Could you output the listing that follows exactly, without its images?
[RECORDED INFORMATION — start]
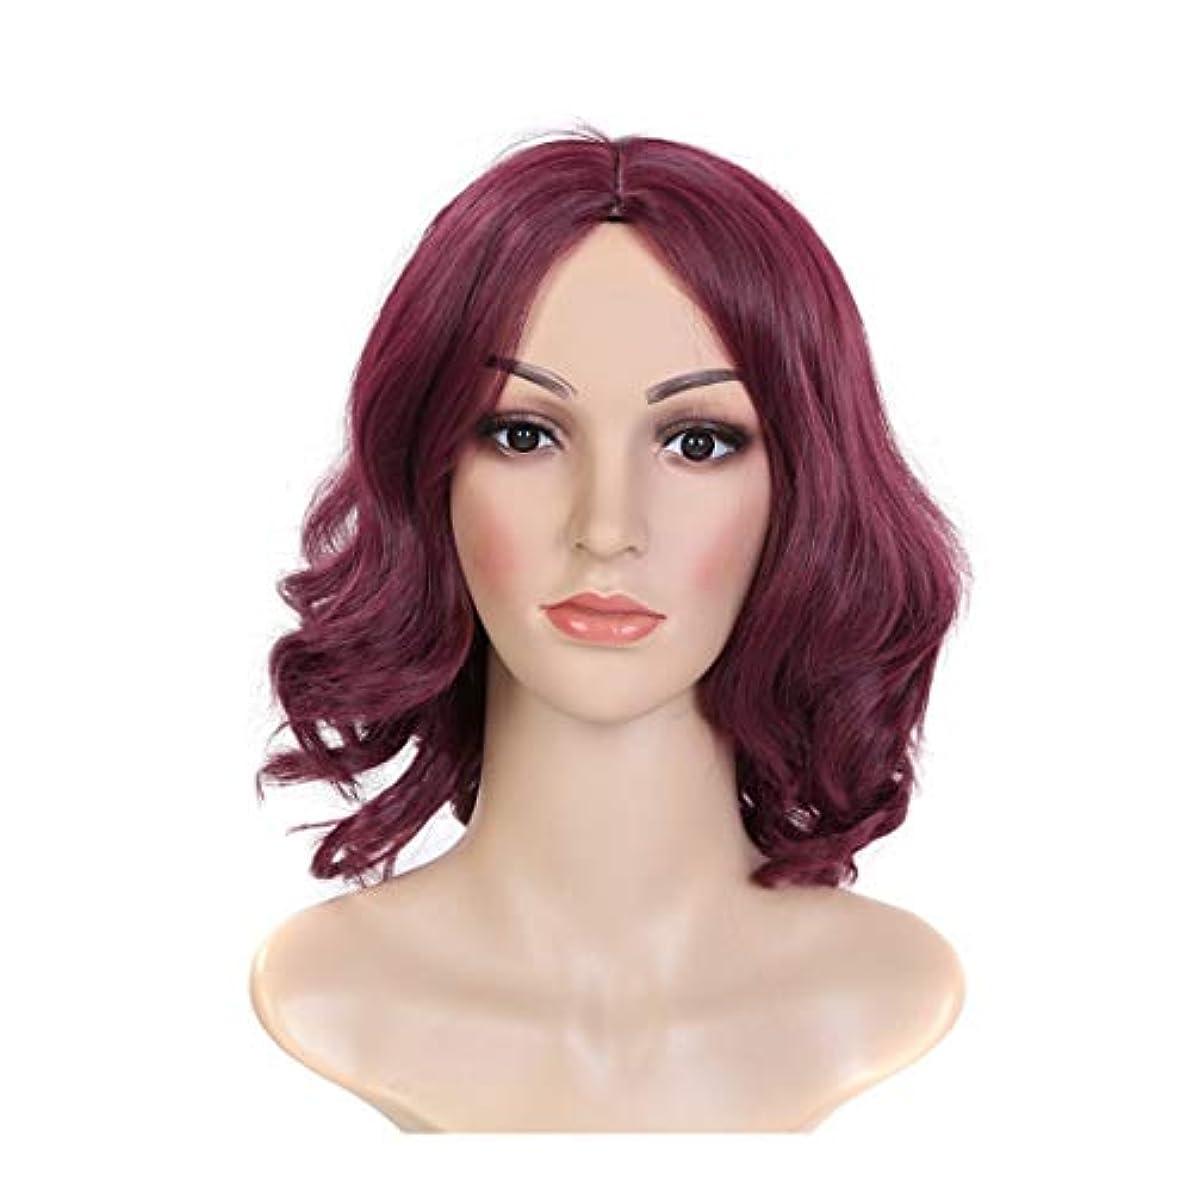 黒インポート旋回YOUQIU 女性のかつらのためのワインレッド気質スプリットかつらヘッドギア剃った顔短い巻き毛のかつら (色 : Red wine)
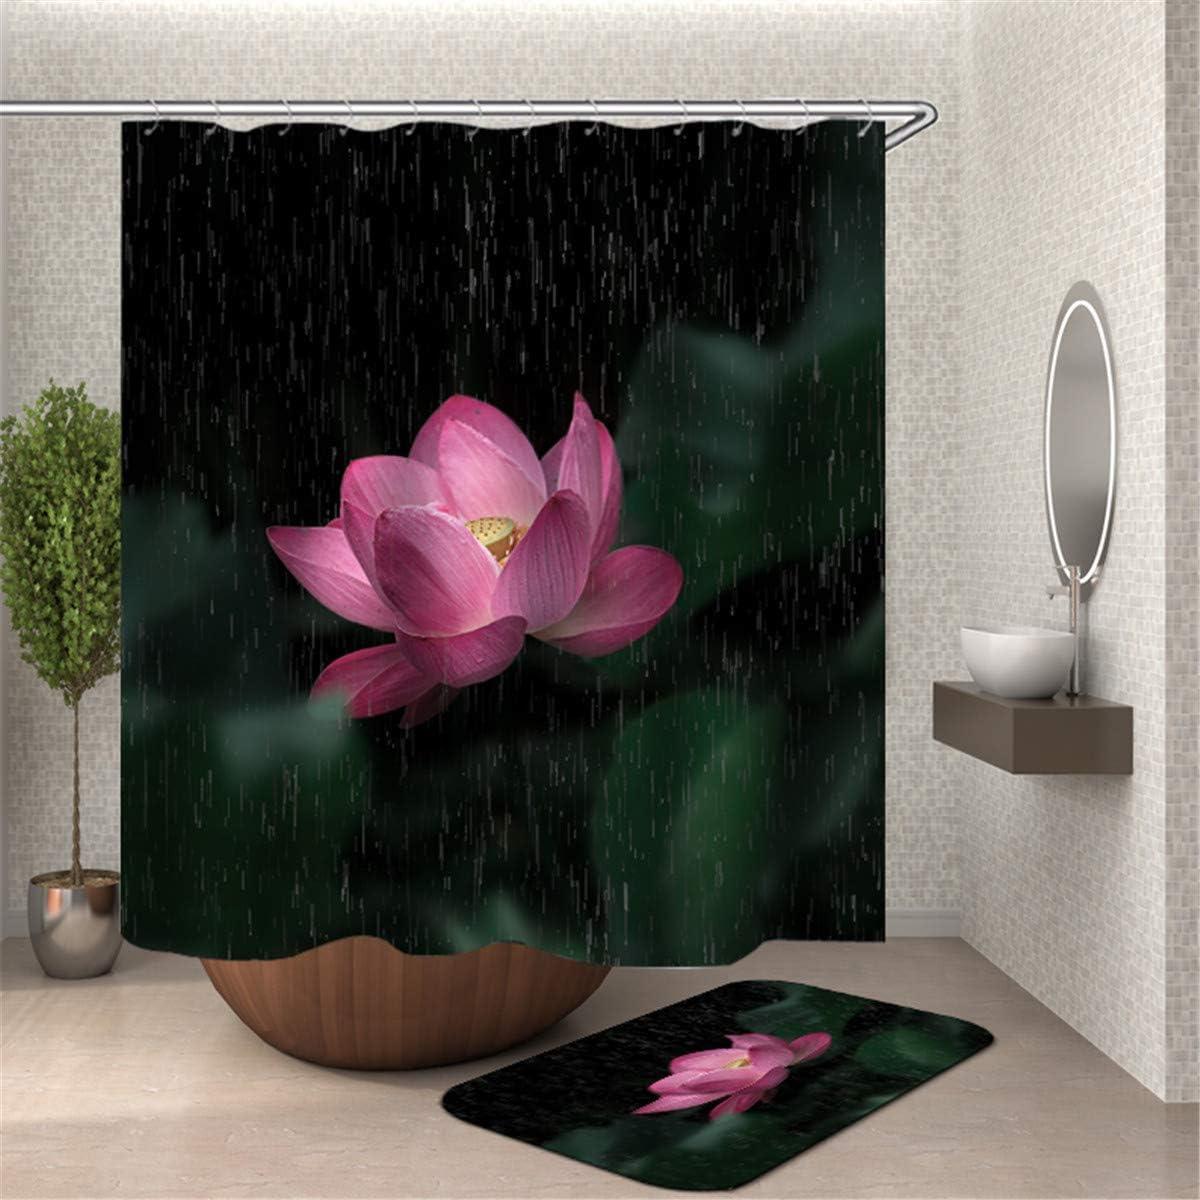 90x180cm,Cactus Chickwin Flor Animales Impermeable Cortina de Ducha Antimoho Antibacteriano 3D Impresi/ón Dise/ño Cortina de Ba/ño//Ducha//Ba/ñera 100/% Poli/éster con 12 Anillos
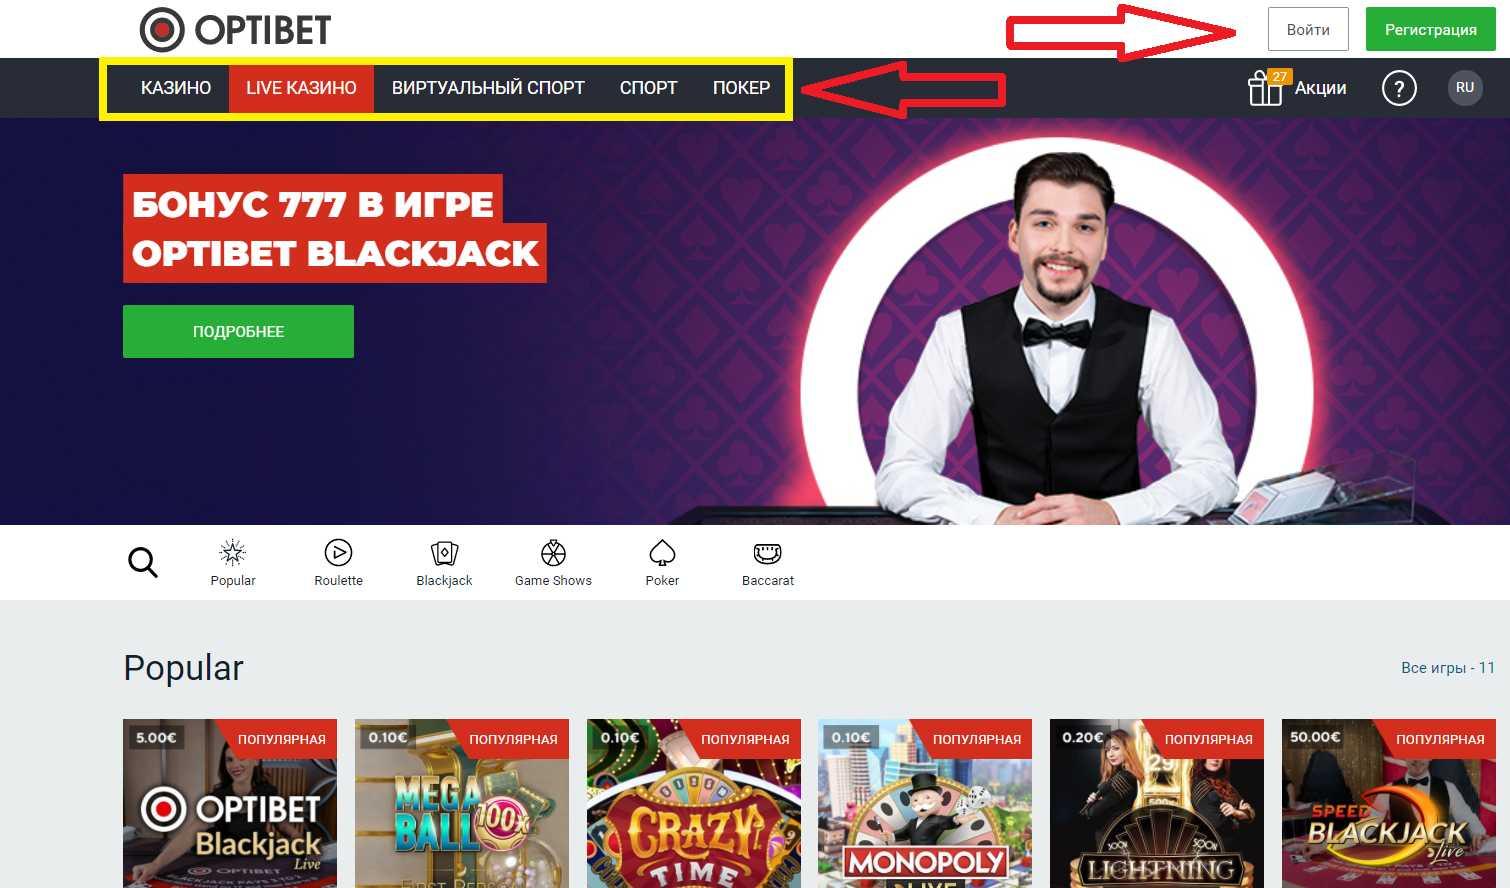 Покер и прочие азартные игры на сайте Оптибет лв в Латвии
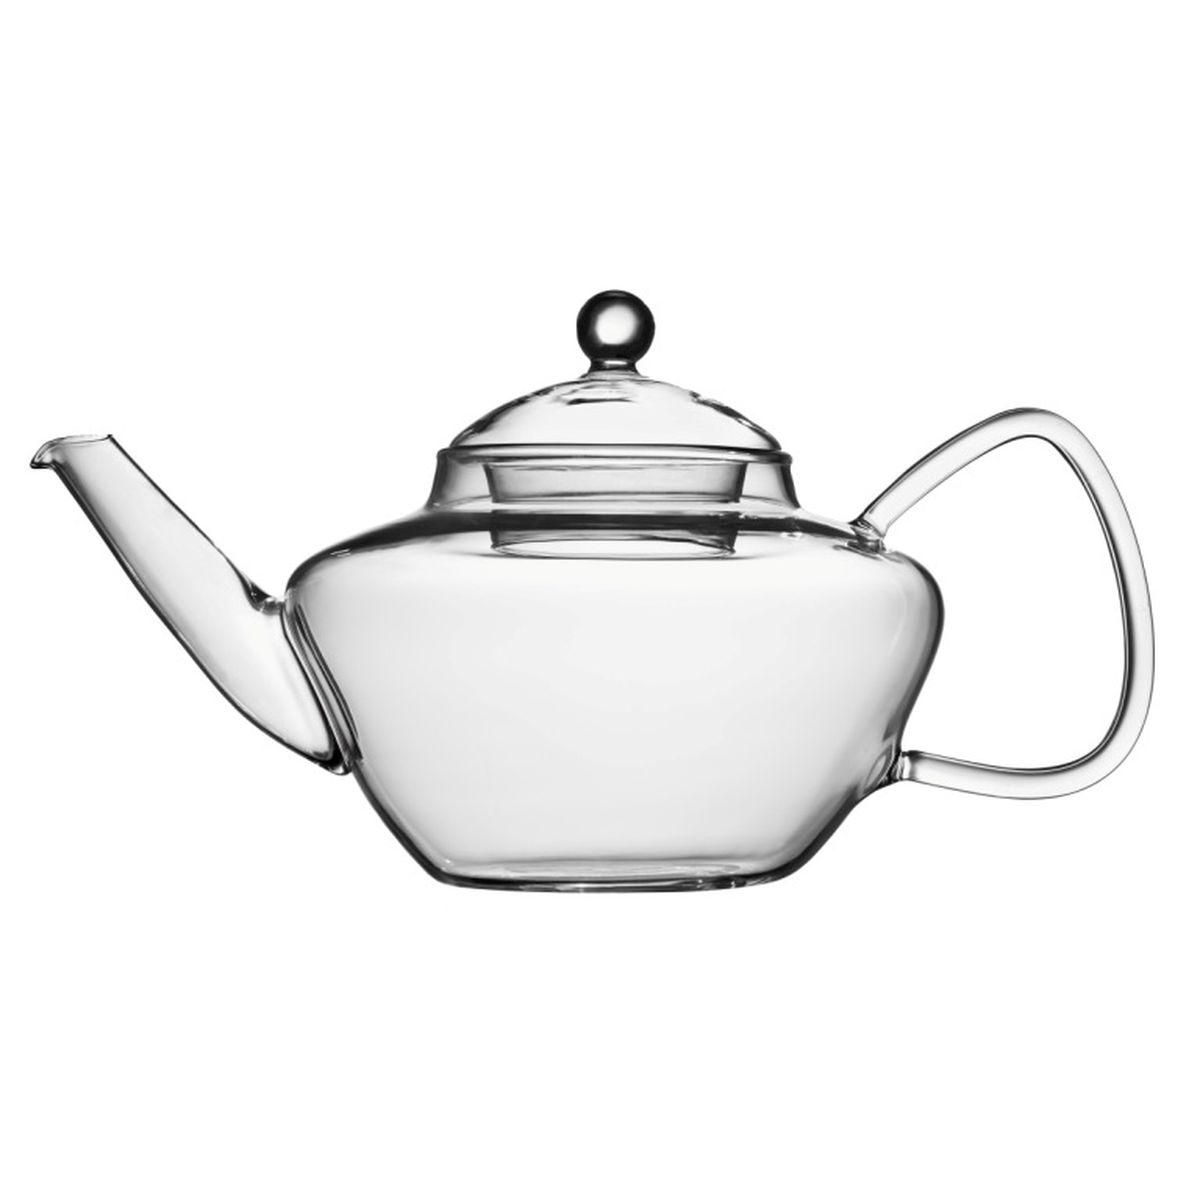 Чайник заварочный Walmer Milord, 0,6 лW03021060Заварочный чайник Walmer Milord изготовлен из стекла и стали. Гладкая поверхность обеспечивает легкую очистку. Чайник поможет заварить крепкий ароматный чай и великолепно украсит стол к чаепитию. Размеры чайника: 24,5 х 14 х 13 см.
[RECORDED INFORMATION — finish]
**TASK OUTPUT:**
 黒インポート旋回YOUQIU 女性のかつらのためのワインレッド気質スプリットかつらヘッドギア剃った顔短い巻き毛のかつら (色 : Red wine)
 90x180cm,Cactus Chickwin Flor Animales Impermeable Cortina de Ducha Antimoho Antibacteriano 3D Impresi/ón Dise/ño Cortina de Ba/ño//Ducha//Ba/ñera 100/% Poli/éster con 12 Anillos
 Покер и прочие азартные игры на сайте Оптибет лв в Латвии
 Чайник заварочный Walmer Milord, 0,6 лW03021060Заварочный чайник Walmer Milord изготовлен из стекла и стали. Гладкая поверхность обеспечивает легкую очистку. Чайник поможет заварить крепкий ароматный чай и великолепно украсит стол к чаепитию. Размеры чайника: 24,5 х 14 х 13 см.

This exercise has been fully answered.